For a given real number we can find rational number that is close as much to
the real one as we want, so we define $a^x$ as the limit $a^x=\lim_{r\to x}b^r,
x \in \mathbb{R}, r \in \mathbb{Q}$.

\paragraph{Euler's number} We define constant $e$ as the limit
\cite{Strang1991} $$\lim_{n \to \infty}\left(1 + \frac{1}{n}\right)^n.$$

It's value to $40$ decimal places is \cite{Knuth2007} $$e =
2.7182818284590452353602874713526624977572\ldots$$

This constant is a transcendental number \cite{Niven2005}.

\paragraph{Taylor series} Suppose we have a function $f(x)$. We want to
approximate it using some $n$-th order polynomial: $$f(x)=f_0 +
f_1x+f_2x^2+\cdots+f_nx^2 + R$$ where $R$ is approximation error.

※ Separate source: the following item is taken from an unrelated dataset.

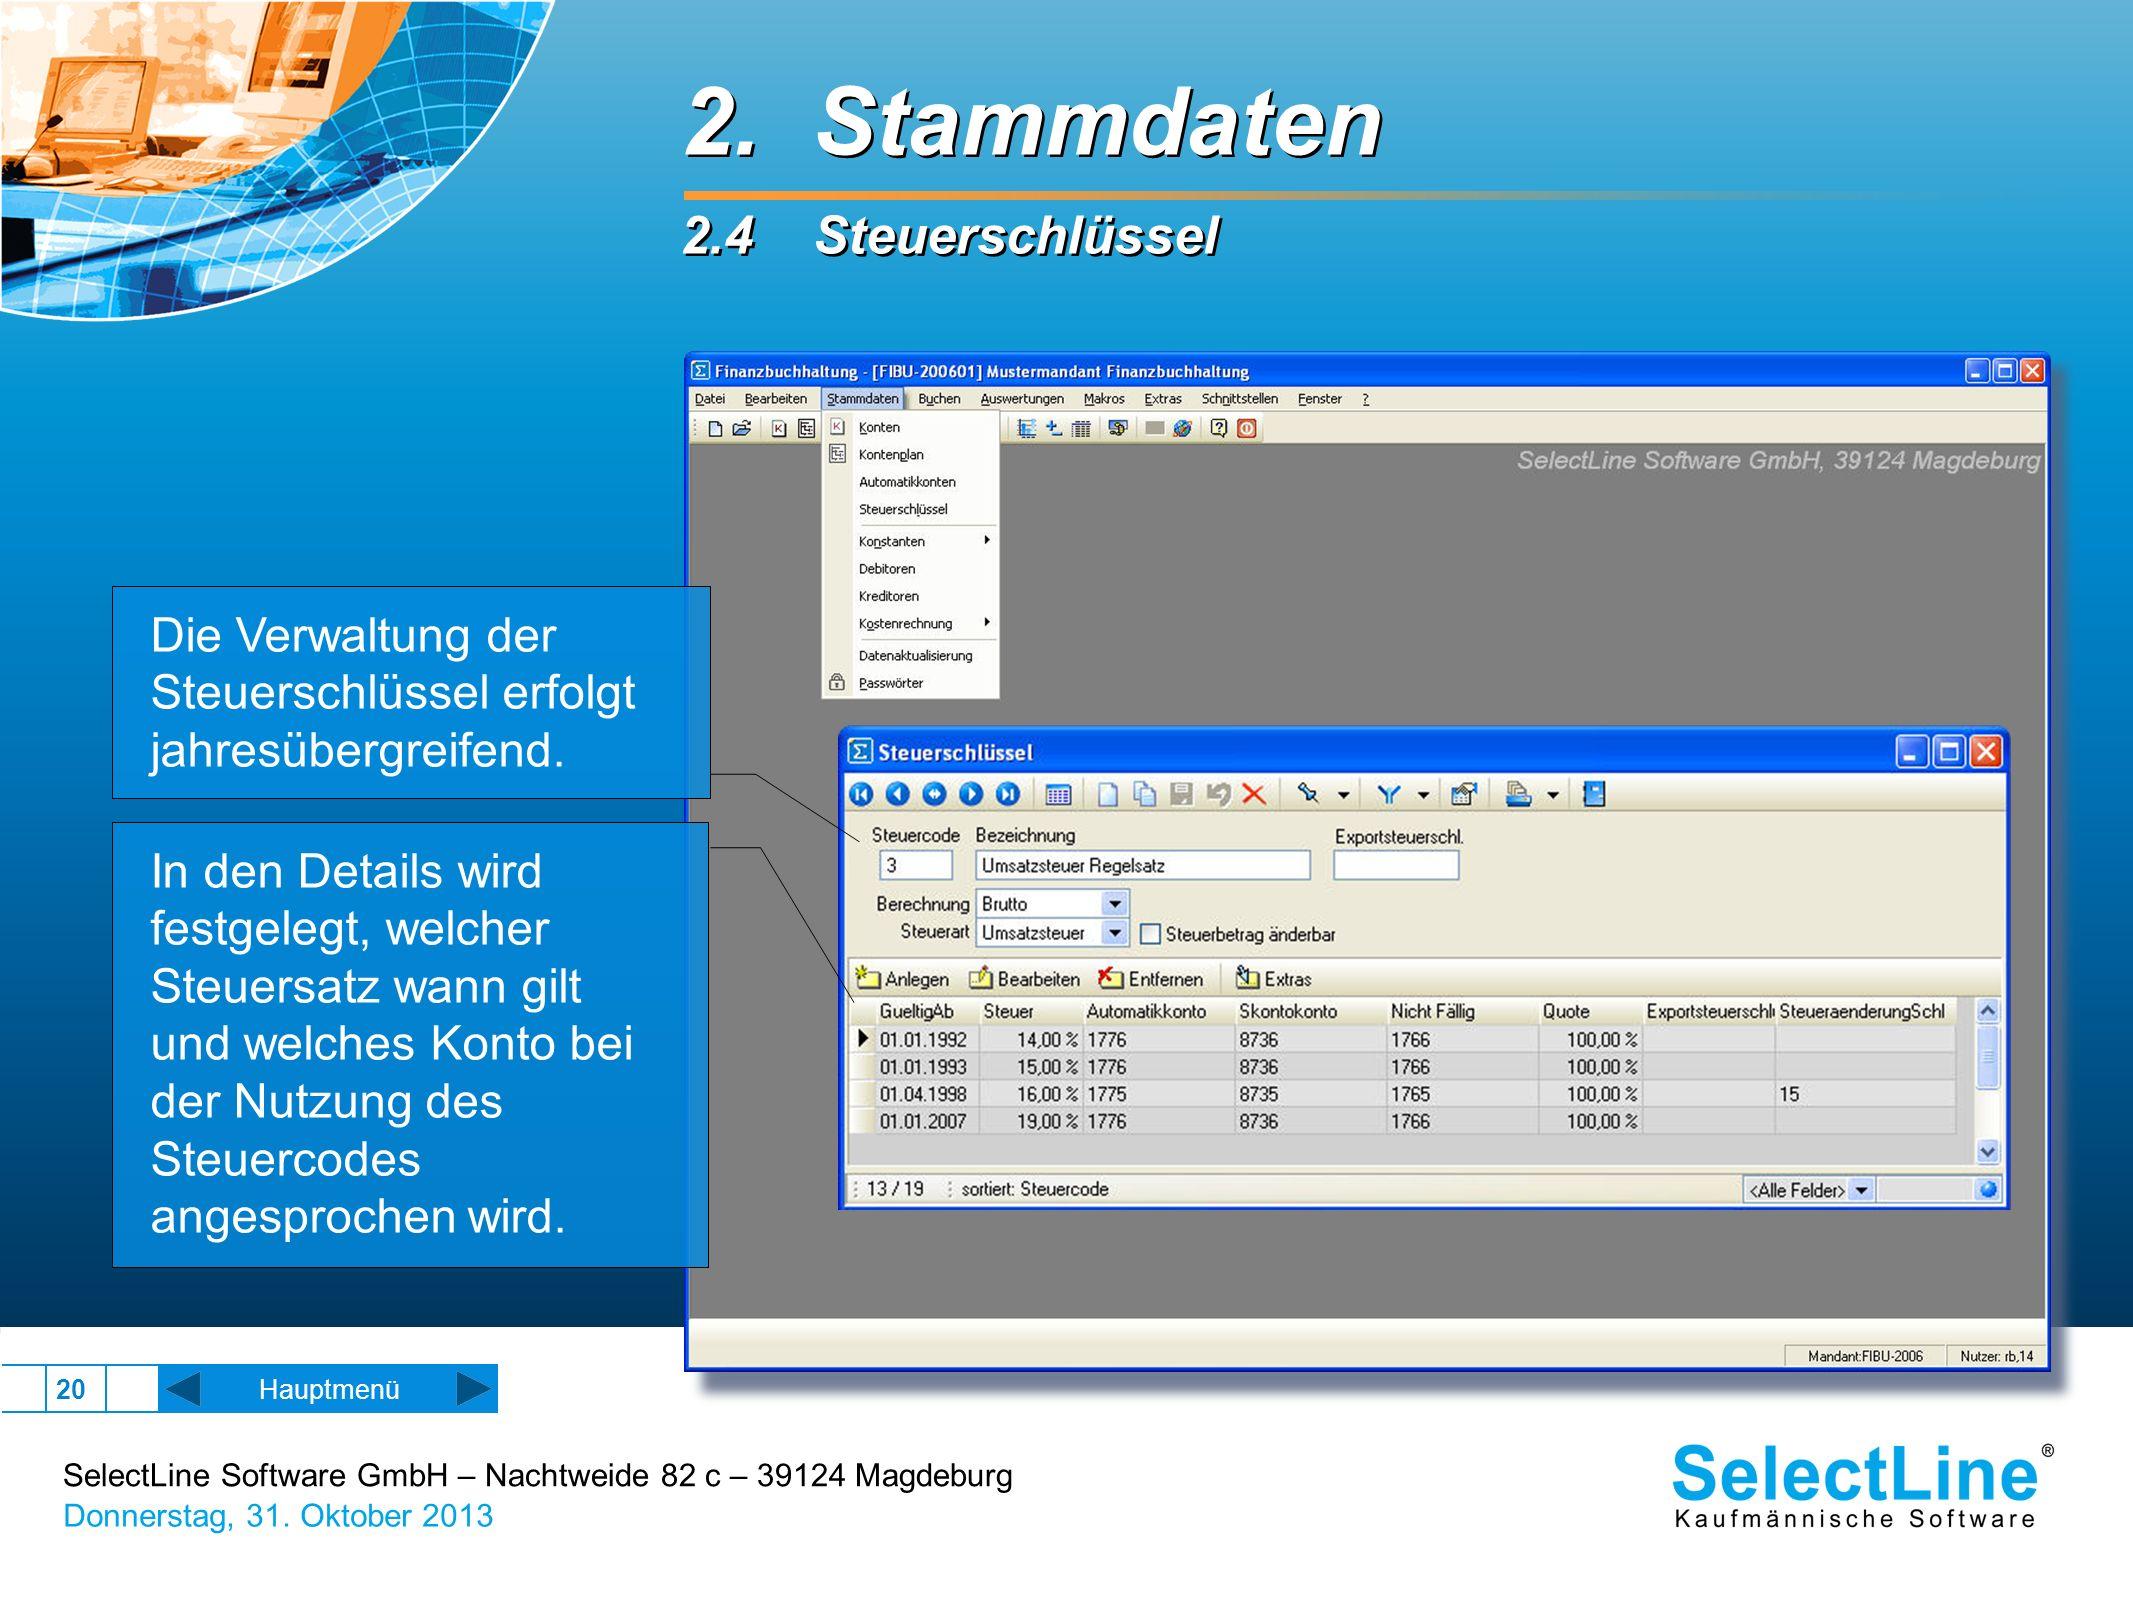 SelectLine Software GmbH – Nachtweide 82 c – 39124 Magdeburg Donnerstag, 31. Oktober 2013 20 2. Stammdaten 2.4 Steuerschlüssel 2. Stammdaten 2.4 Steue

Actually what we want is to find $f_i$, $i \in 0, 1, \ldots, n$. 

Suppose $R = 0$, then $f(0)=f_0$. Let us take now a derivation of $f(x)$
$$f'(x)=0 + f_1 + 2f_2x + 3 f_3x^2 + \cdots + nf_nx^{n-1}.$$ And $f'(0)= f_1$.
Similarly, $$f''(x)=2f_2 + 3 \cdot 2 f_3x + \cdots + n (n-1)f_nx^{n-2}.$$ And
$f''(0) = 2f_2$. In the same way we get $f^{(n)}(0)=n!f_n$.

Solving for the constants gives $f_0=f(0), f_1=f'(0), \ldots,
f_n=\frac{f^{(n)}(0)}{n!}$. So our approximation is $$f(x) \approx
\sum_{k=0}^{n}\frac{f^{(n)}(0)}{n!}x^k.$$

To understand behaviour of the remainder $R$ (which for simplicity we
assumed to be $0$) refer to any decent calculus book, or \cite{Smith}.

\paragraph{Derivative} We now have a tool that allows us to approximate
functions. We could try to approximate $f(x)=a^x$ using Taylor series. But
first we need to find derivative of $f(x)$. We can rewrite
$a^x=e^{\ln(a^x)}=e^{x\ln a}$, and, using the rule $f'(g(x))=f'(g(x))g'(x)$,
find $f'(x)=\frac{d}{dx}a^x=a^x\ln a$.  Obviously, if $a = e$, we get
$f'(x)=\frac{d}{dx}e^x=e^x$.

The rule $f'(g(x))=f'(g(x))g'(x)$ can be derived as follows. 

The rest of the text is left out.